Materials and methods
Between August and November 2021, a total of 235 sites of fracture or suspected fracture were evaluated and enrolled in the prospective study. Radiologist’s specificity, sensibility accuracy, positive and negative predictive values were compared to AI. Cohen's kappa was used to calculate the agreement between AI and radiologist. We also reviewed the AI workflow integration process, focusing on potential issues and assessed radiologists’ opinion on AI via a survey.
Results
The radiologist performance in accuracy, sensitivity and specificity was better than AI but McNemar test demonstrated no statistically significant difference between AI and radiologist’s performance (p = 0.32). Calculated Cohen’s K of 0.64.
Conclusion
Contrary to expectations, our preliminary results did not prove a real improvement of patient outcome nor in reporting time but demonstrated AI high NPV (94,62%) and non-inferiority to radiologist performance.
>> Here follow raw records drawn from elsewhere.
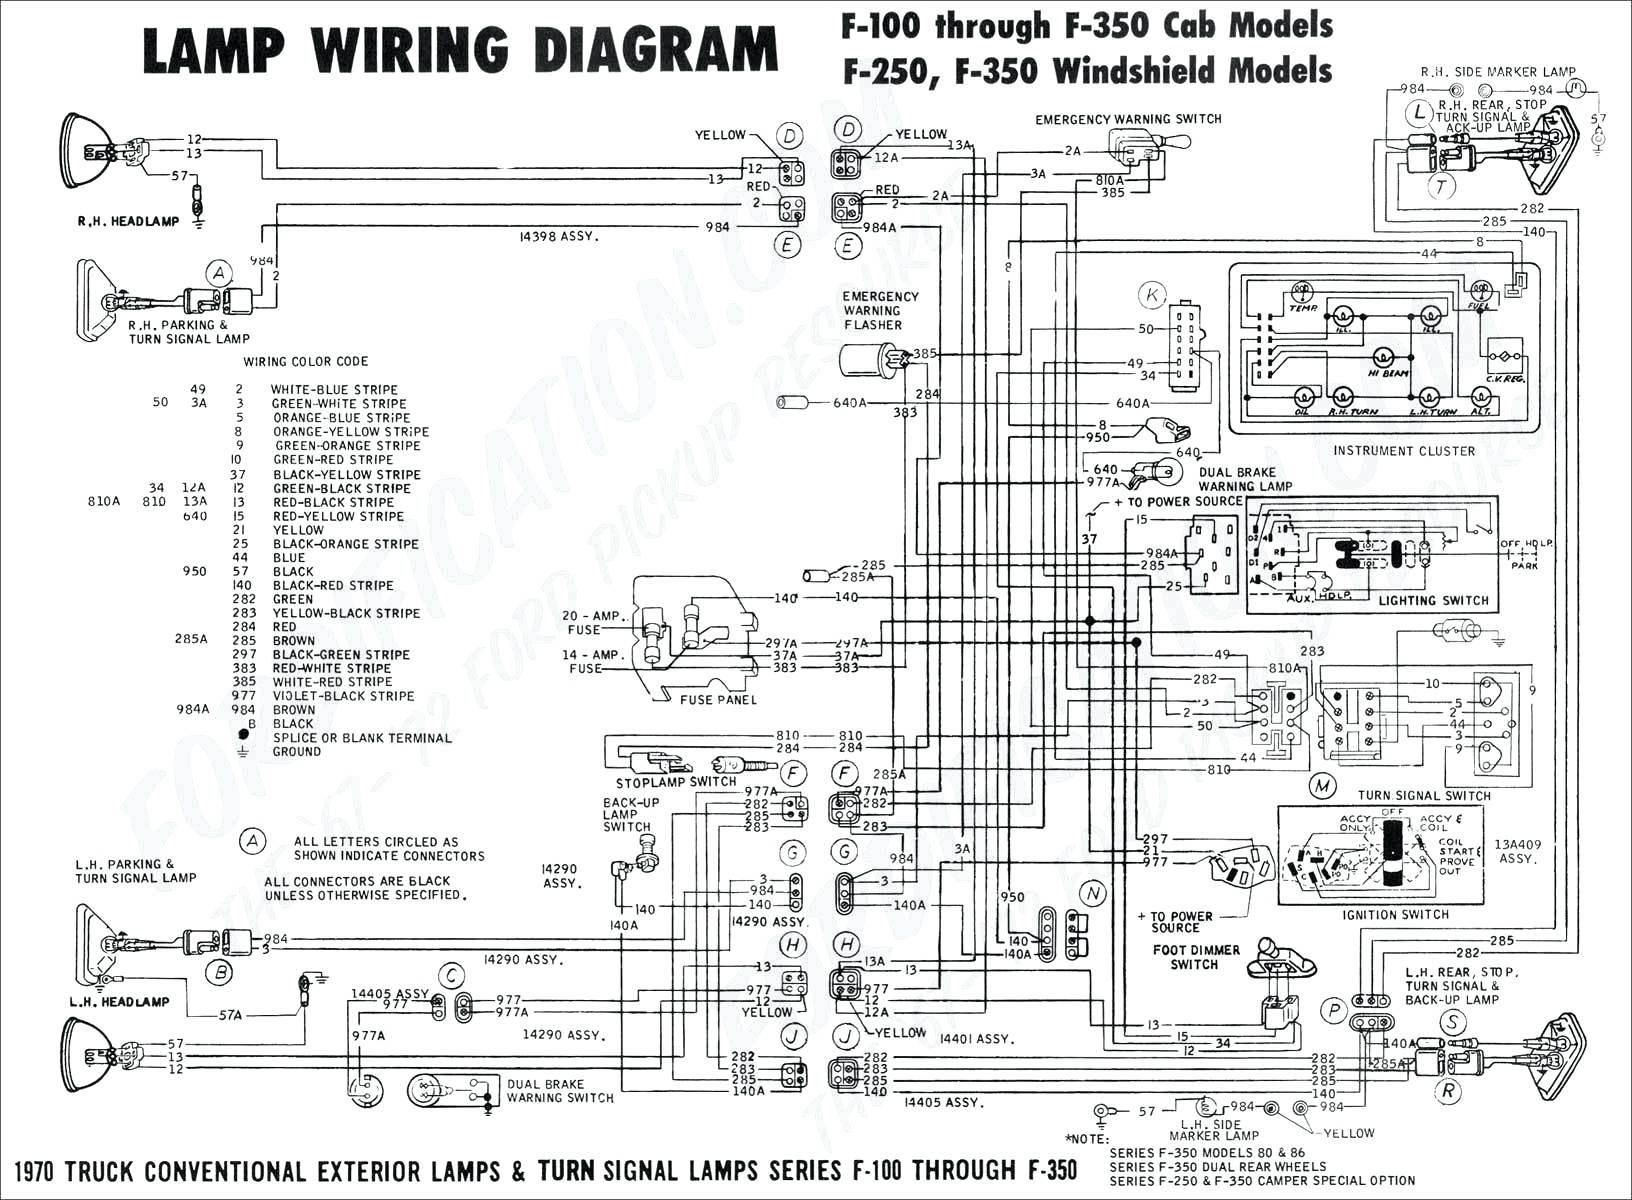 2016 Ram 1500 Tail Light Wire Diagram Elegant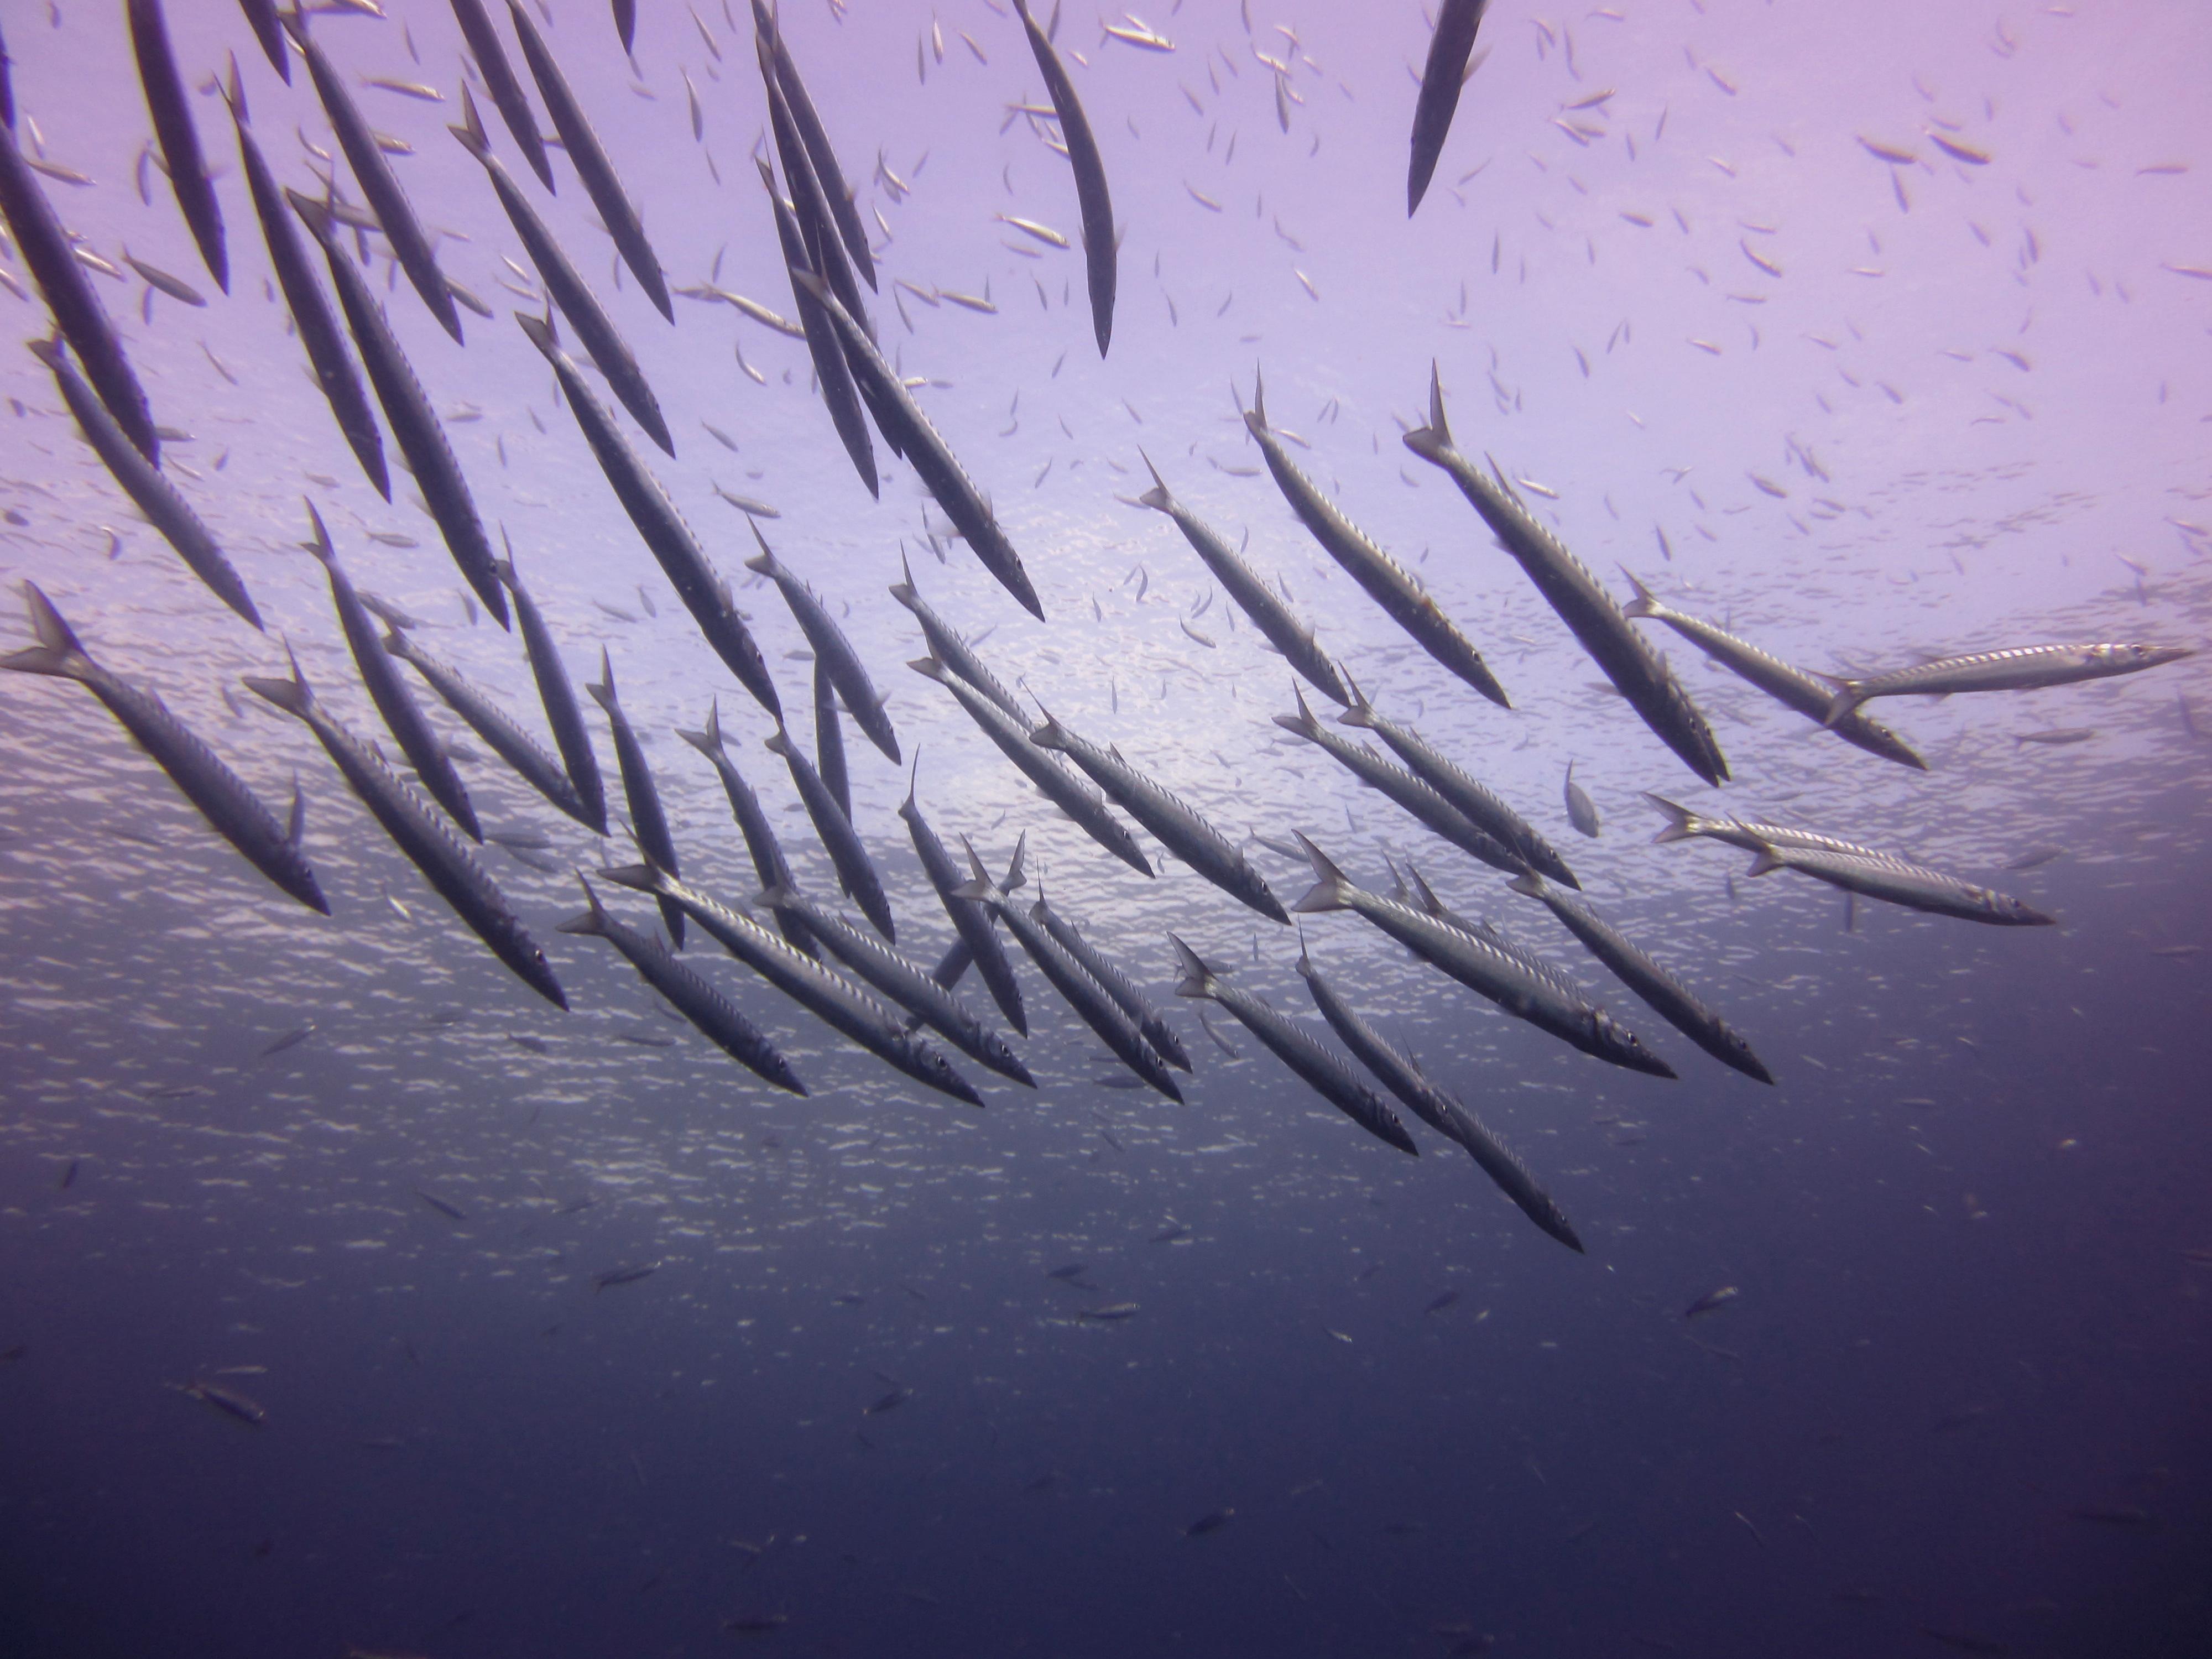 Diving-Tenerife-Aquatic-Life-Sharks-Sting-Rays-Fish (92)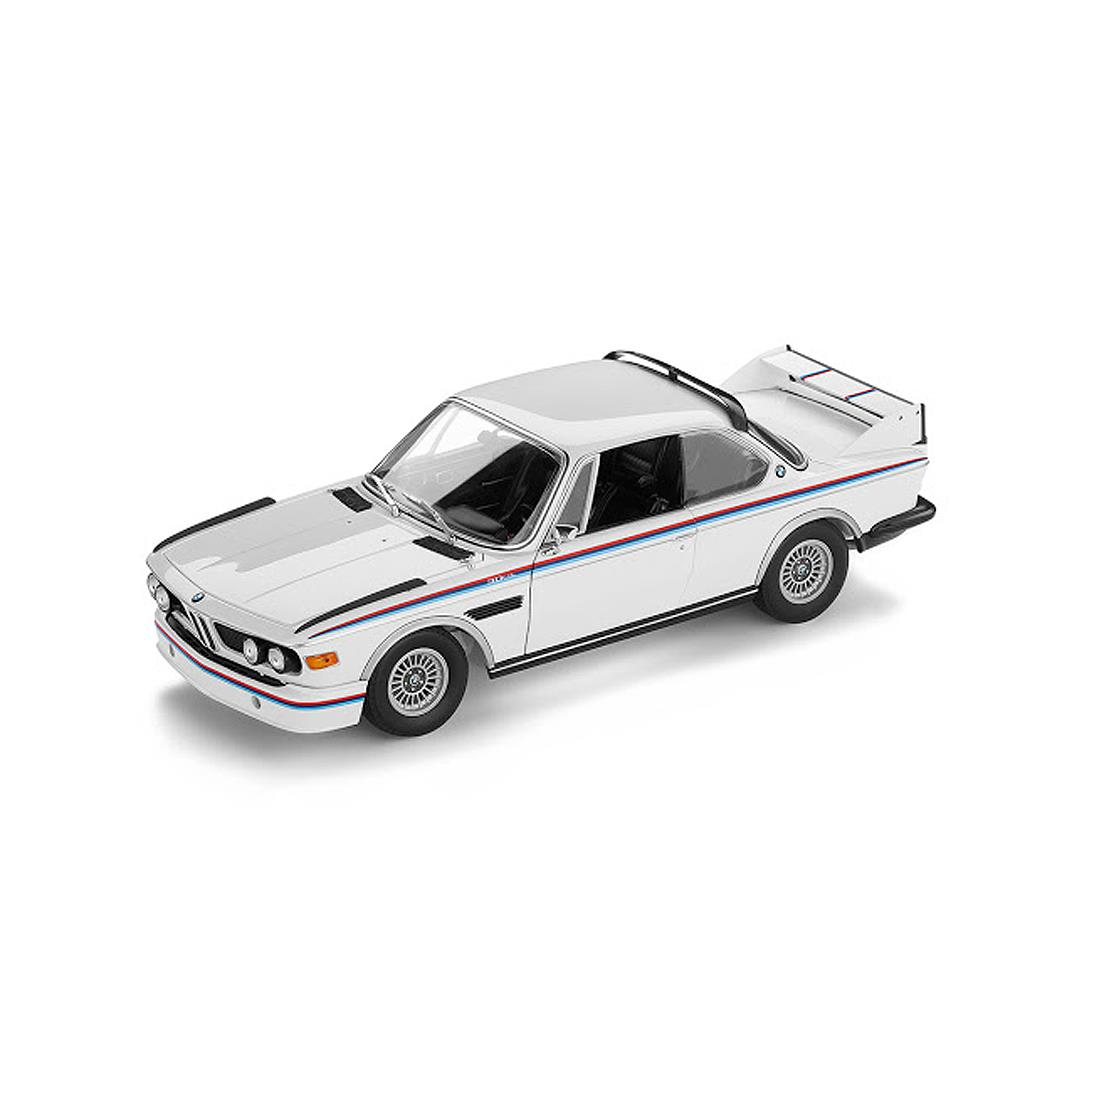 BMW 3.0 CSL Heritage Collection Miniature White

Moreover, the commercially available AI algorithm used in our study automatically learn from data and so we expect a progressive performance improvement. AI could be considered as a promising tool to rule-out fractures (especially when used as a “second reader”) and to prioritize positive cases, especially in increasing workload scenarios (ED, nightshifts) but further research is needed to evaluate the real impact on the clinical practice.